Единственной, кто уловил что-то про космос и Гагарина, была наша соседка баба Юля, и вот она решила, что мир рухнул. Это была абсолютно солженицынская Матрена, действительно, праведница. Она читать не умела, даже букв не знала, но в Бога верила. Всегда говорила: "Я верую в Бога и во Владимирскую Божью Матерь, а в пост я не верую. Тоня мне сказала, что пост выдумали богатые, чтобы бедные меньше ели, а богатым больше досталось". Тоня — это была ее дочка, доктор, она погибла на фронте. И вот когда прошел первый ужас, что начинается война, баба Юля вдруг заплакала, бросилась в свою комнатку, заперлась и никого к себе не пускала, говорила только: "Я жду Изю". Изя — это мой папа, который в войну был летчиком. И когда папа пришел с работы, ему сказали: "Исаак Абрамыч, Юлия Андреевна вас ждет". Он вошел, и она бросилась ему на грудь с криком: "Изя, Бога нету! Гагарин его не видел!" Папа, у которого всегда была очень быстрая реакция, тут же сказал: "Что вы, баба Юля. Ваш Бог гораздо выше". Потом он еще долго вел с ней беседы. Она его спрашивала: "Гагарин же выше, чем ты летал?" — "Ну и что, я не так высоко летал, но и он не так уж высоко". Это знание, что Господь выше,— было самым главным для бабы Юли.

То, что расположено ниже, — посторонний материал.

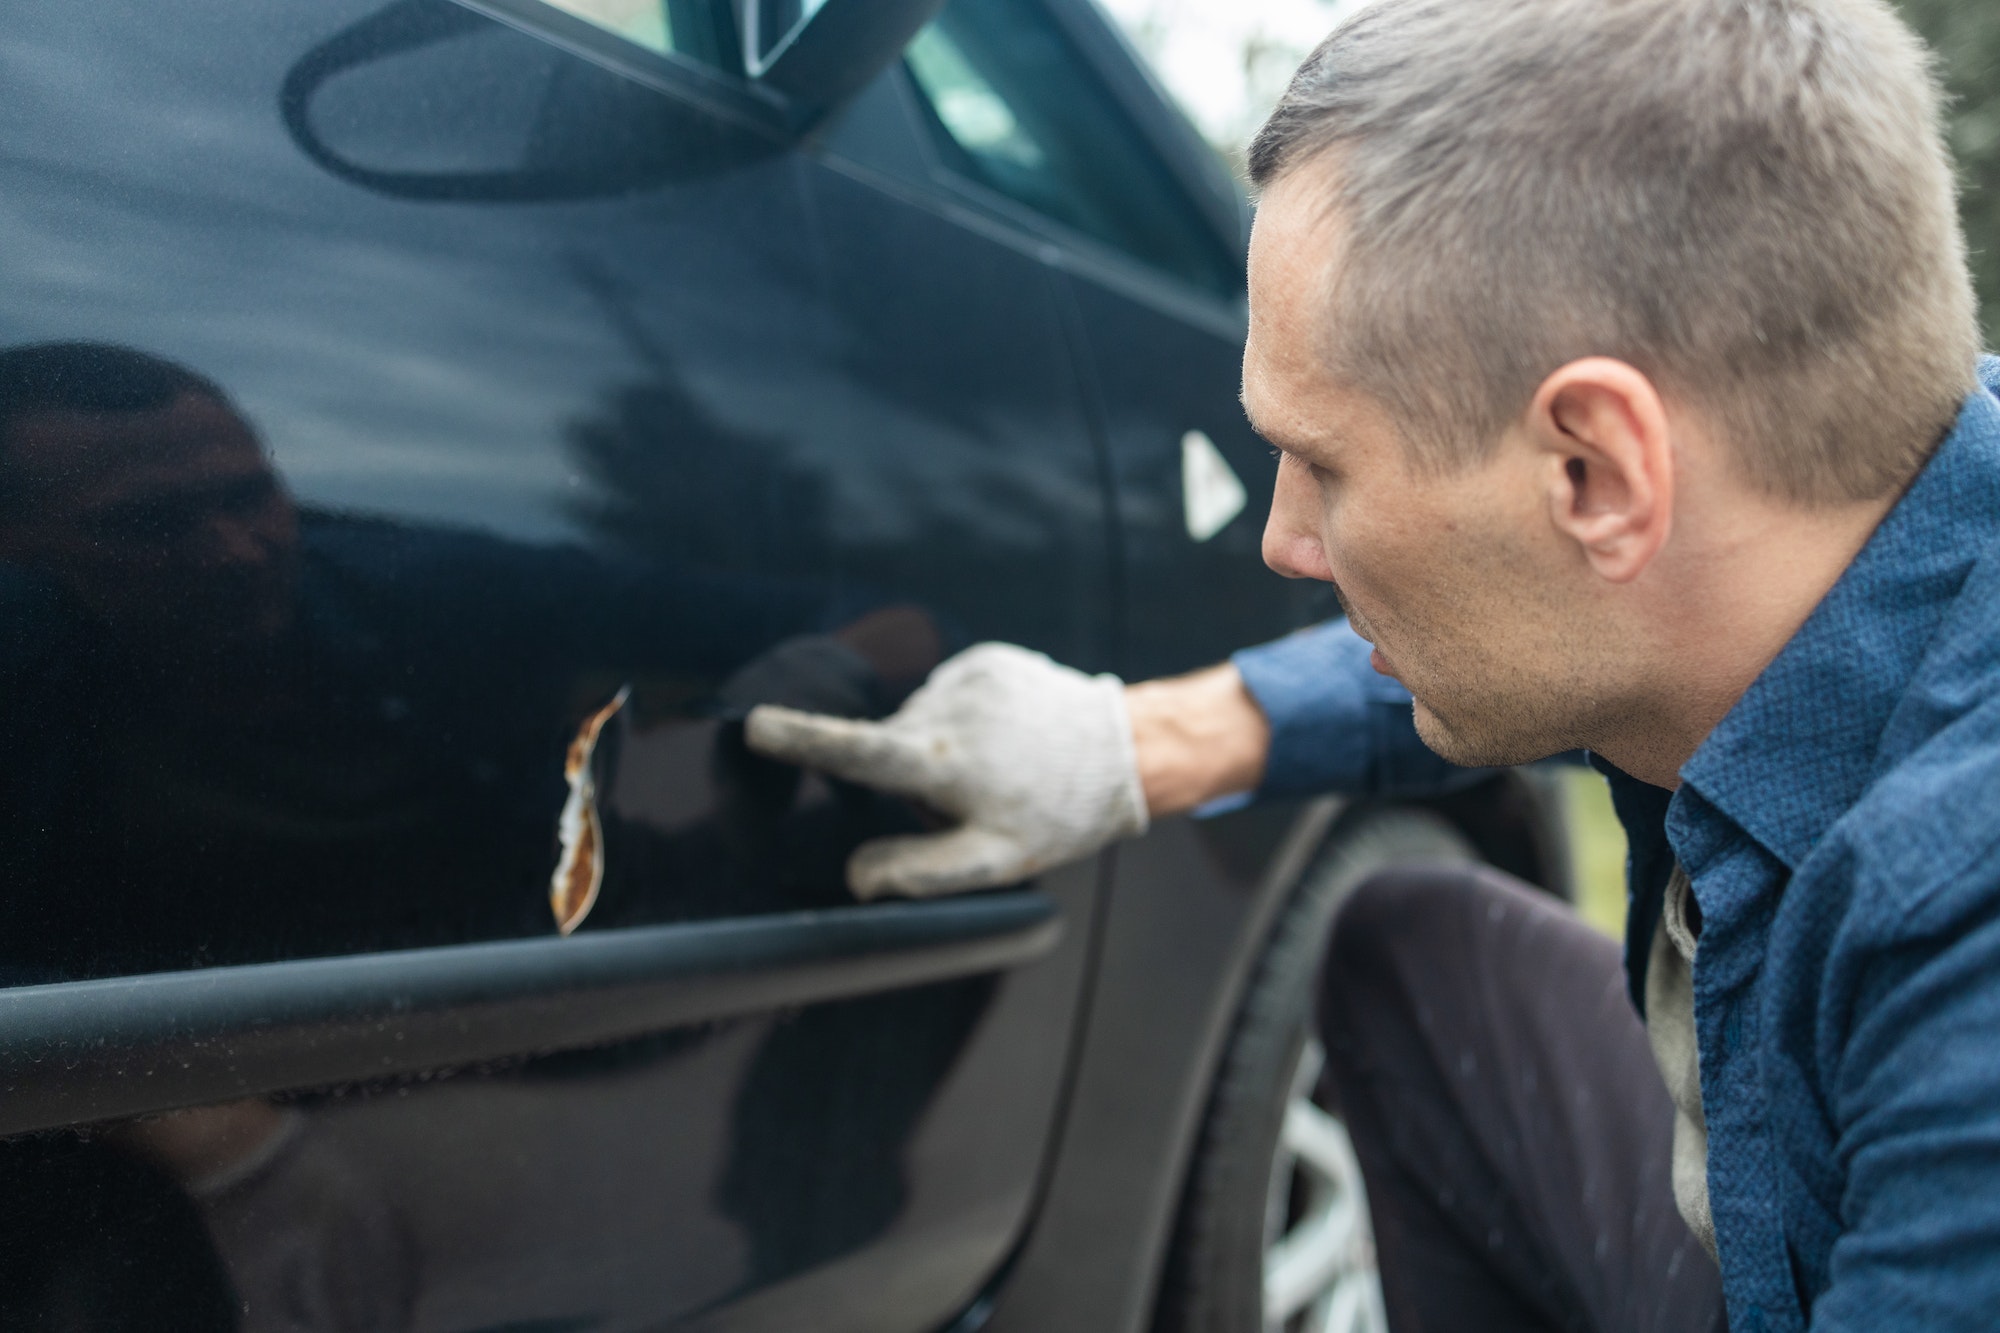 Pros y contras de utilizar pintura metálica en coches

Ни мой отец, для которого авиация была осуществившейся мечтой юности, ни его друзья, боевые летчики, никогда не обсуждали этот полет с гордостью за советскую страну, у них не было чувства "ура, мы первые в космосе". Наоборот, папа радовался, когда американцы тоже куда-то летали, и страшно раздражался, когда по радио постоянно говорили: "мы опять победили Америку". Для него это была победа человечества, а не отдельной страны. Такое ощущение общего неба, без разделения на страны, было важно для настоящих летчиков. К Гагарину при этом все относились хорошо. Он был симпатяга, у него была светлая улыбка, очень подходящая герою. Он всегда хорошо и по-человечески отвечал на вопросы, а мой муж помнит, как Гагарин пришел к ним во Дворец пионеров и каждому ребенку пожал руку. Но среди детей на вопрос "кем ты хочешь стать?" отвечать "космонавтом" — считалось даже не очень приличным, как будто ты такой специальный отличничек и хочешь быть хорошим. Все рассказы, как дети хотели быть космонавтами, играли в космонавтов — это скорее в фильмах и книгах. Зато я помню, как дети во дворе играли не в сам полет, а в сообщение ТАСС и даже ходили с тазами на головах и повторяли: "сообщение-таз" — так же, как мы клали копеечки в баночки, потому что слышали где-то, что деньги хранят в банках.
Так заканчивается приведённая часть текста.